Don_Scott · 1 November 2024 21:57

@gchen Not exactly positive, but this is almost a full restore, so I would estimate ~80TiB needs to be downloaded (gigabit fiber in place). The ZFS array has 323T of space, so a copy is definitely an option. I was seeing ~20-30 MB/s (significantly below gigabit) on restore.

Any advice on parameters I should set or commands I should run to plan this?

Specifically – my azure storage is PW protected and has a key. Should I create a bit-identical copy (with the same key) or just have a non-encrypted local copy. (Is one approach better? – If it’s possible to use the rsync tools to copy blobs that will probably be the best…)

gchen · 1 November 2024 22:49

I think -bit-identical should be used. With this option you can use rsync/rclone to copy chunks, but you need to figure out which chunks to copy. duplicacy copy is so much simpler and support multithreaded downloading.

Here are the commands to run:

mkdir -p \path\to\local\storage
mkdir -p \path\to\restore\directory
cd \path\to\restore\directory
duplicacy init backup_id azure://storage
duplicacy add -copy default local -bit-identical backup_id \path\to\local\storage
duplicacy copy -from default -to local -r 119 -download-threads 40
duplicacy restore -r 119 -storage local

Don_Scott · 1 November 2024 23:51

I did a bit of testing and found that I needed to add -threads 16 to get the into the 900 mbps territory. Based on current speed it looks like I will be able to test a restore in a little over a week.

I will follow up!

Droolio · 4 November 2024 16:01

Incidentally, if you have a local copy of much of the source files (partial or old), you could ‘pre-seed’ a local backup storage, that you can ‘top up’ from the remote storage.

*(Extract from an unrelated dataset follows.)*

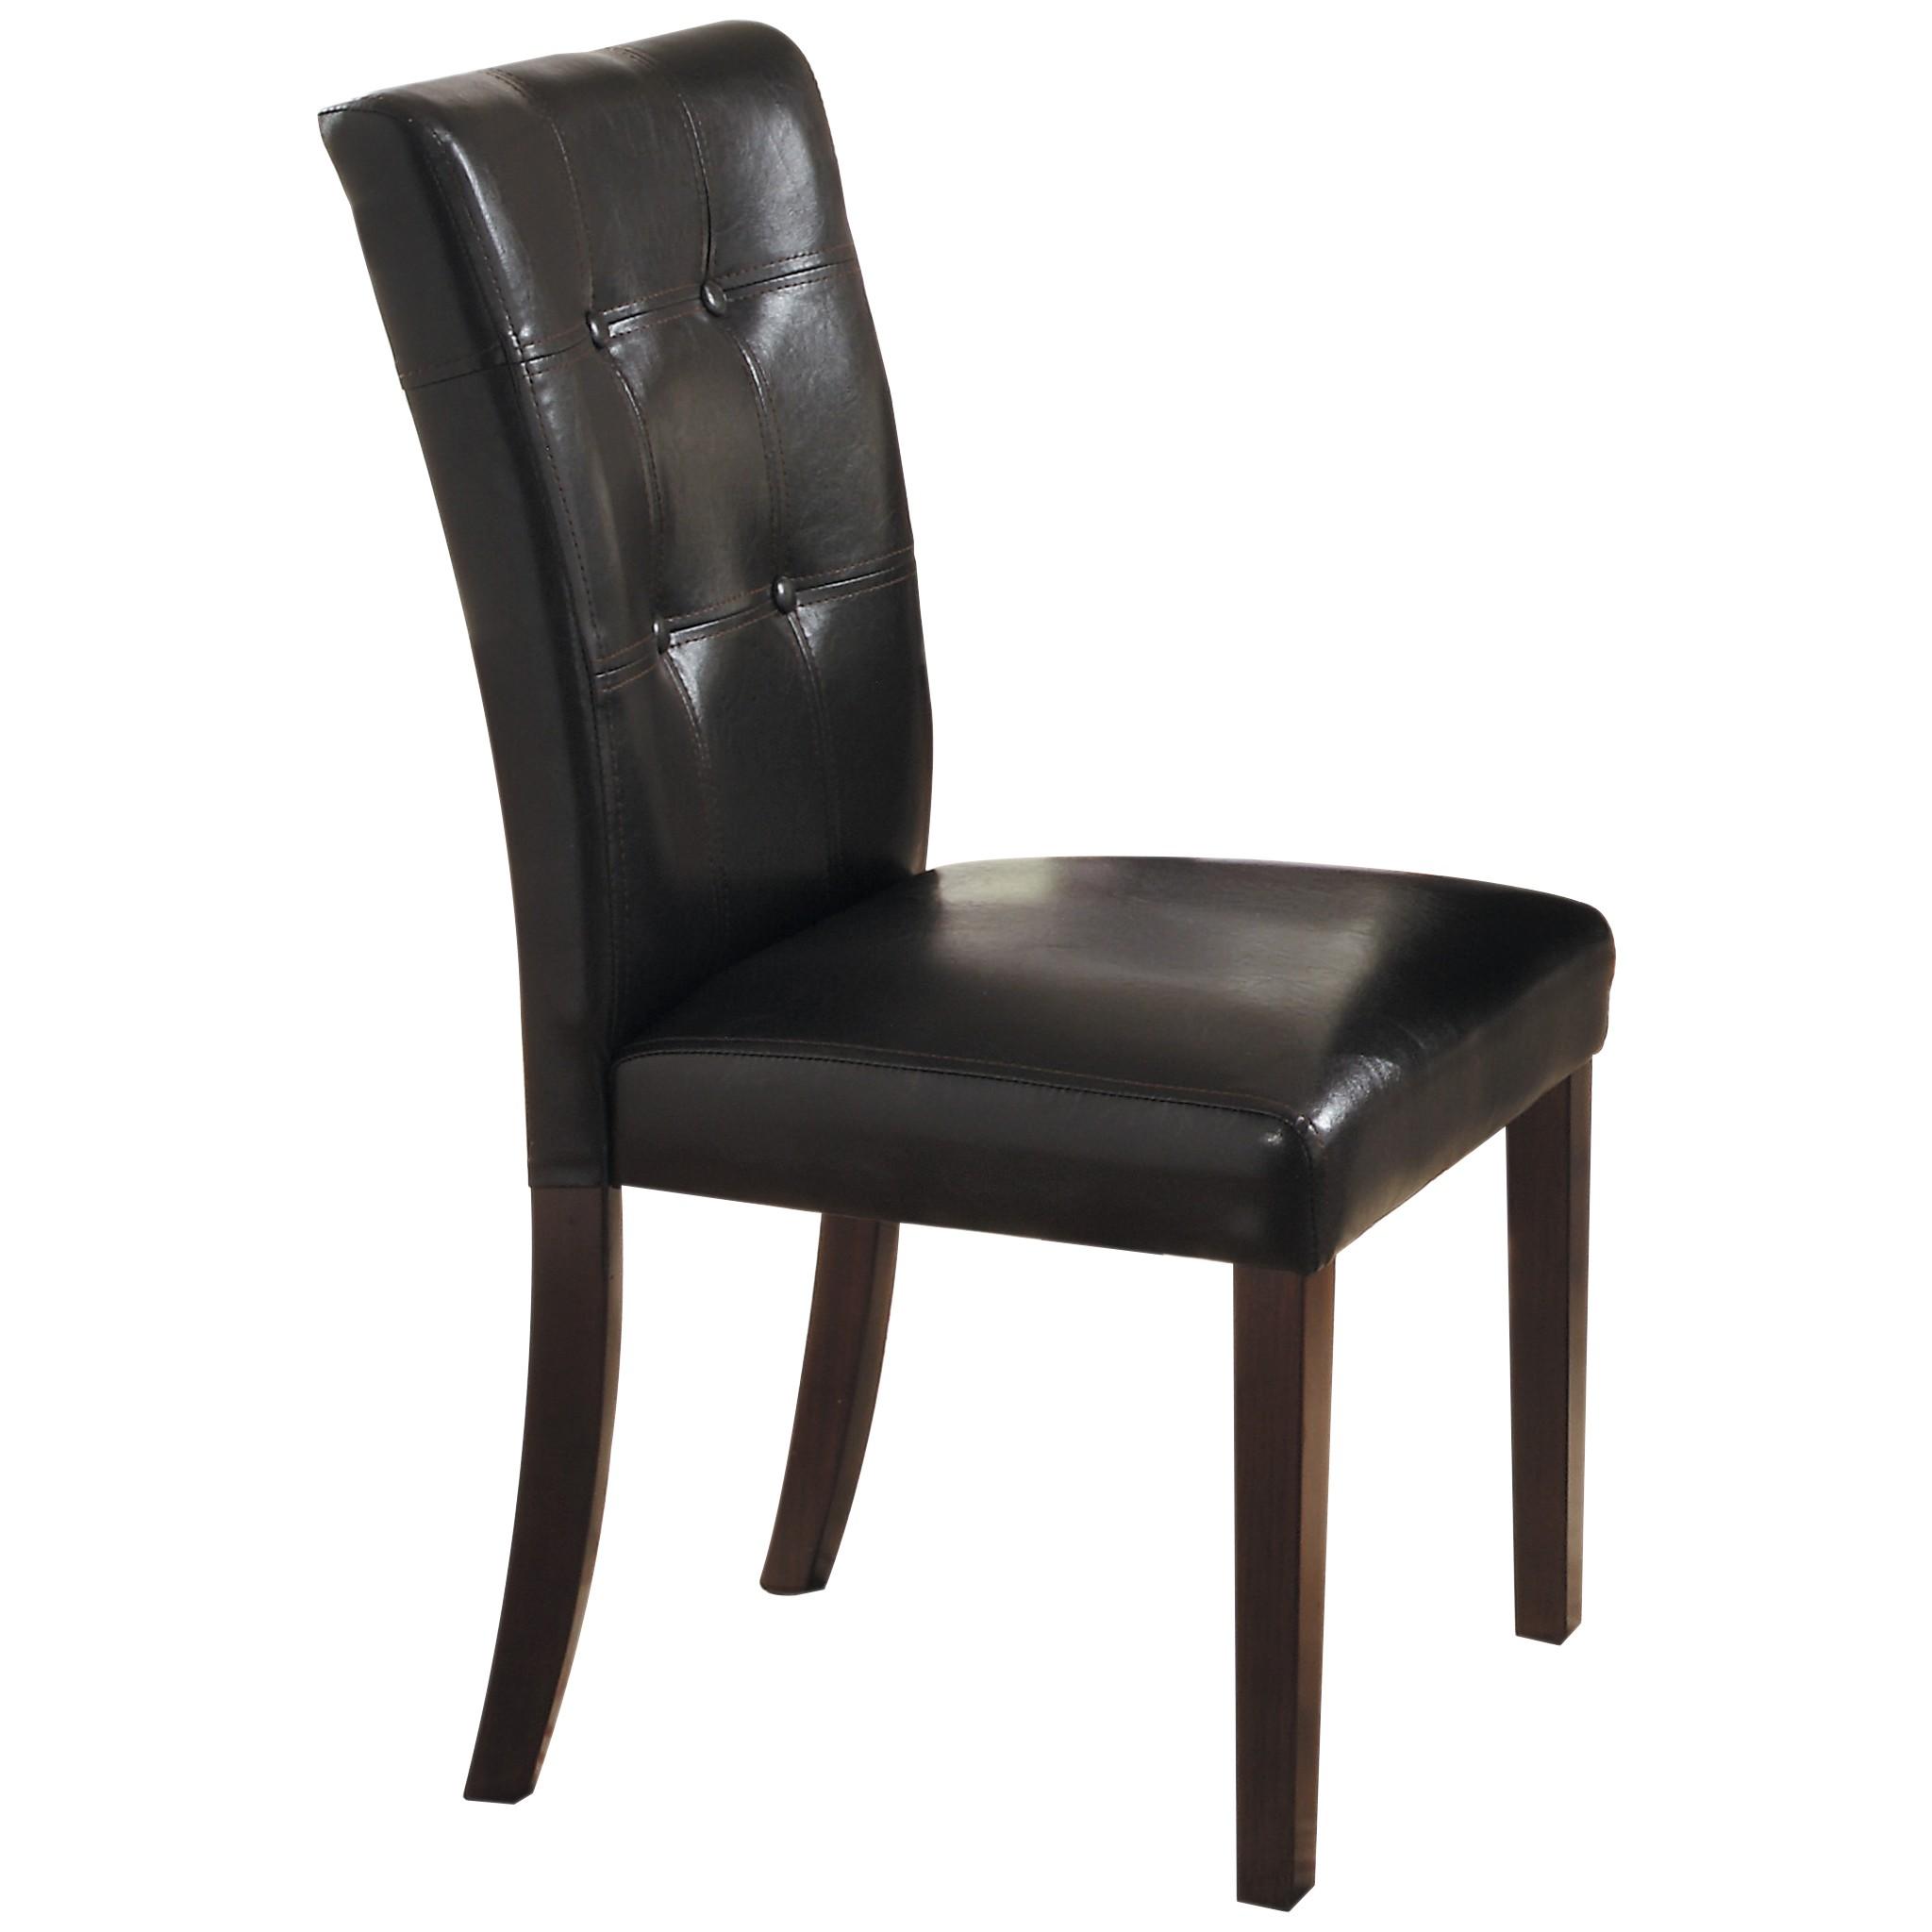 Transitional Side Chair Set 2544S Teague 2544S in Espresso Faux Leather

All you’d have to do is make a copy-compatible storage - i.e. create a new (empty) local storage, using the remote storage as a copy-compatible template. Then backup those source files to that local storage using temporary IDs; this all happens locally. As a result, you’d have a bunch of content-defined chunks which a final copy from the remote can fill in, skipping chunks you already have.

Obviously, this requires you to have at least some of the original files to make this worthwhile - depending on how much you have, could save quite a bit of time.

Don_Scott · 9 November 2024 17:18

@Droolio and @gchen So the backup is now local and I am observing disappointing restore speeds. To elaborate:

Mostly empty large ZFS array (virgin) so no frag, 1M block sizes.
Robust ARC / ECC ram (>500 GB)
I am seeing the same behavior at 64 threads, and 128.

Behavior:

The restore is flying along 450-550 MB/s, then it will suddenly pause/hand for about 30-60s.
No IOWAIT (ZFS reports idle, with very little queued activity).
The pause is preceded by a small (~1-2k) surge in write operations for 1-2s, which I see in the queue.
During the pause, CPU is practically idle except for one core – which is maxed.
AVG restore speed is 150 MB/s with the pauses. This array can easily handle 600-750 MB/s sustained writes.
Reducing the thread count to 16 does not eliminate the pauses, and results in a considerable reduction in throughput.

Any guesses on what could be happening? It seems like some kind of single-threaded program behavior is causing the restore process to pause. GC?

gchen · 10 November 2024 02:09

64 threads are definitely too many. The restore is basically single threaded in the sense that only one thread writes to the disk to restore files one by one while there are multiple download threads retrieving chunks from the storage. Try 4 threads to see if that helps.

You can also run multiple restore jobs, one for each subdirectory, if that is possible.